Firstly though we'll cover the Web Audio API and its most exciting component, the AudioWorkletProcessor.
Teaching the whole API is outside the scope of this article, but I will summarise it briefly and then move on to writing the custom audio node.
Getting the audio API up and running involves creating an audio context and populating it with audio nodes - at least one to generate a signal or stream audio data, and one connected to the audio context's output, if you want to play sound. There are also some rules about only generating sound after a user interaction.
There are several built-in audio nodes; oscillators for generating tones, filters for modifying an audio signal and others for analysing sound, including Fourier analysis for converting a wave to pitch data used in spectral analysis.
In short, the Web Audio API is a full featured node based digital signal processor and sound synthesiser.
Or at least, it has those capabilities, the built-in native nodes have very limited functionality, there isn't even a white noise generator, you're limited to playing audio data through it or generating tones with simple waveforms, unless you write custom audio nodes.
You do that by extending a very unique kind of class that has rather special status in the JS runtime.

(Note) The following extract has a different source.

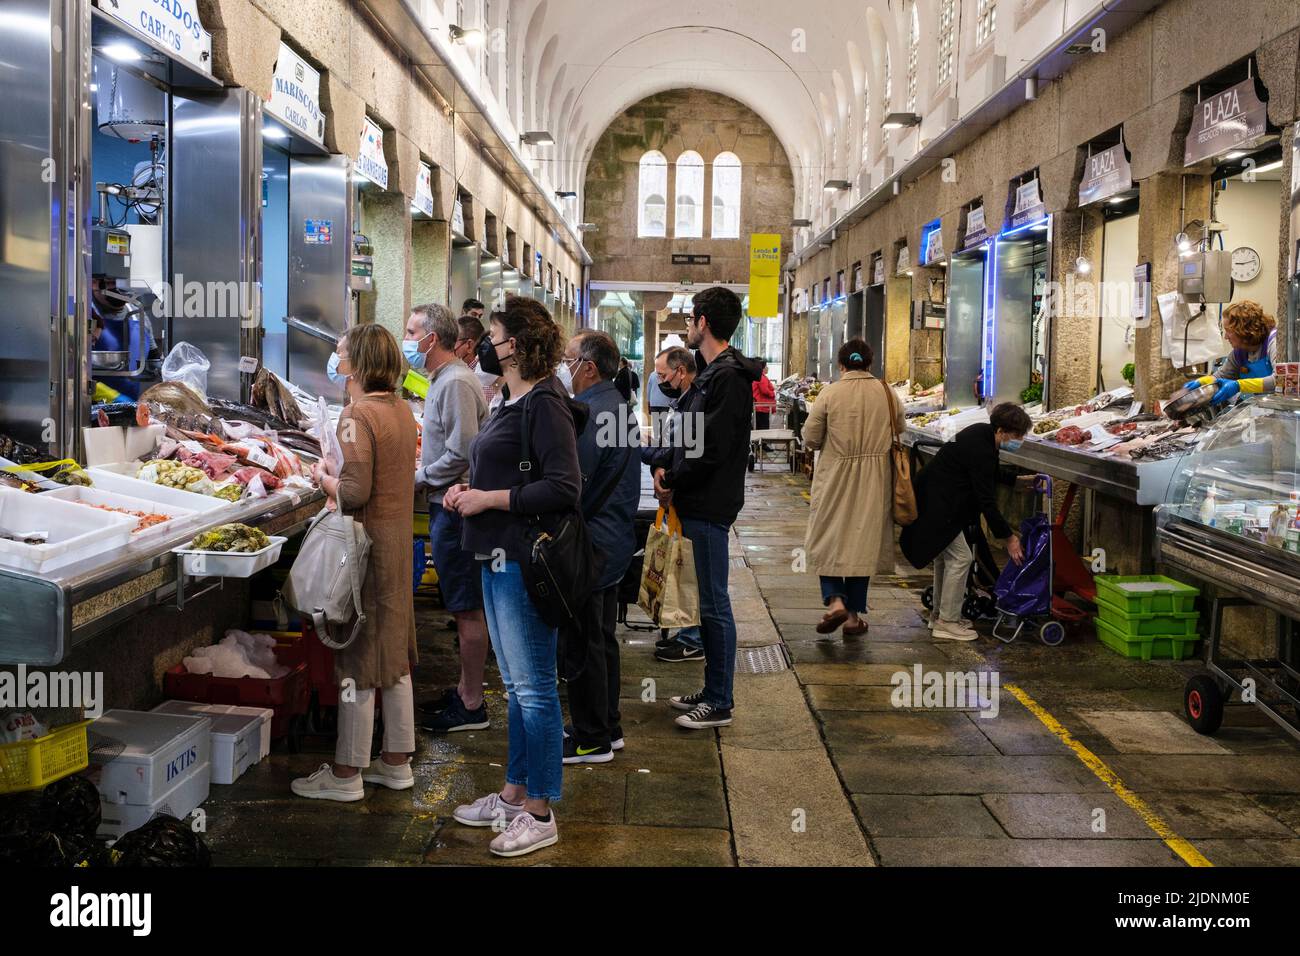 Spain, Santiago de Compostela, Galicia. Customers at a Seafood Vendor's Stand in the Market. Stock Photo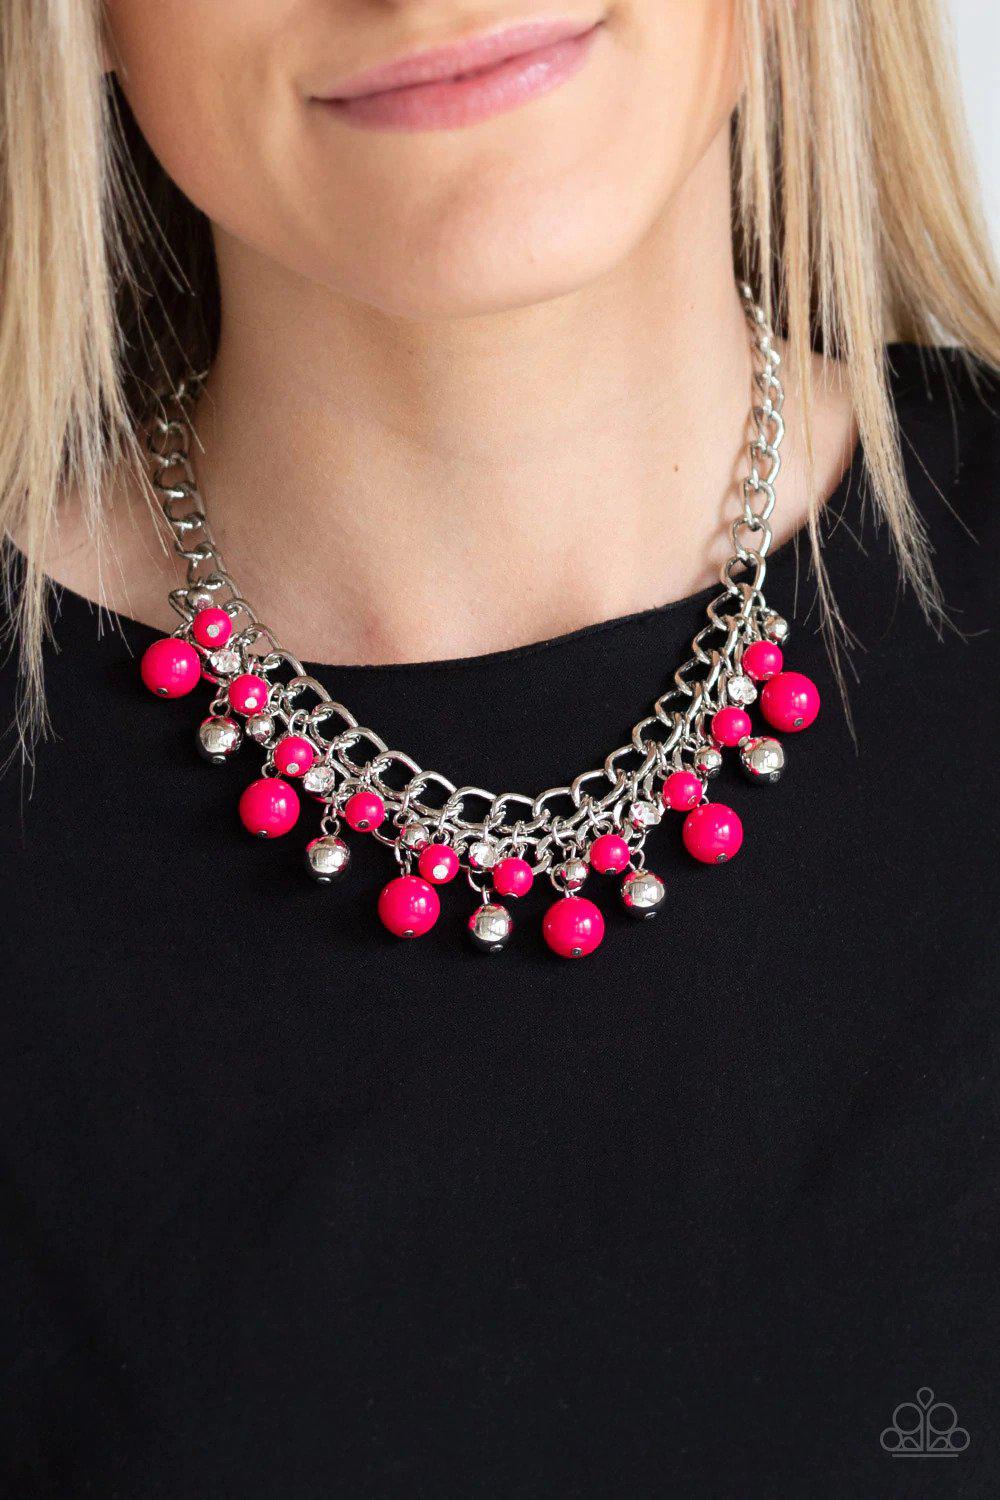 The Bride To BEAD Pink Necklace - Paparazzi Accessories- on model - CarasShop.com - $5 Jewelry by Cara Jewels

It's a type of web worker, a worklet, and there are only a few different types of worklet, each one catering to a specific use case for performant code.
To create a custom Audio Node, you need to extend the AudioWorkletProcessor class.
The extended class has to reside in its own file, with no other code.
When executed it exists in its own thread, and it's own allocated memory.
It can't be accessed via a method function, it has specific methods for specific uses, but there is a message-port specification for sending and receiving custom data, to be used instead of your own public functions, though you can create regular private functions.
Weird huh? It's to allow the JS runtime to give it extra power to run highly performant code that also doesn't need to use the main thread. The reason for this is it executes it's main processing loop in real time, per chunk of data, per channel, and you loop through the channels (usually two, but you can have more) and then loop through each sample point, giving you a loop body that executes once per sample, which at 41khz stereo is 82,000 samples per second.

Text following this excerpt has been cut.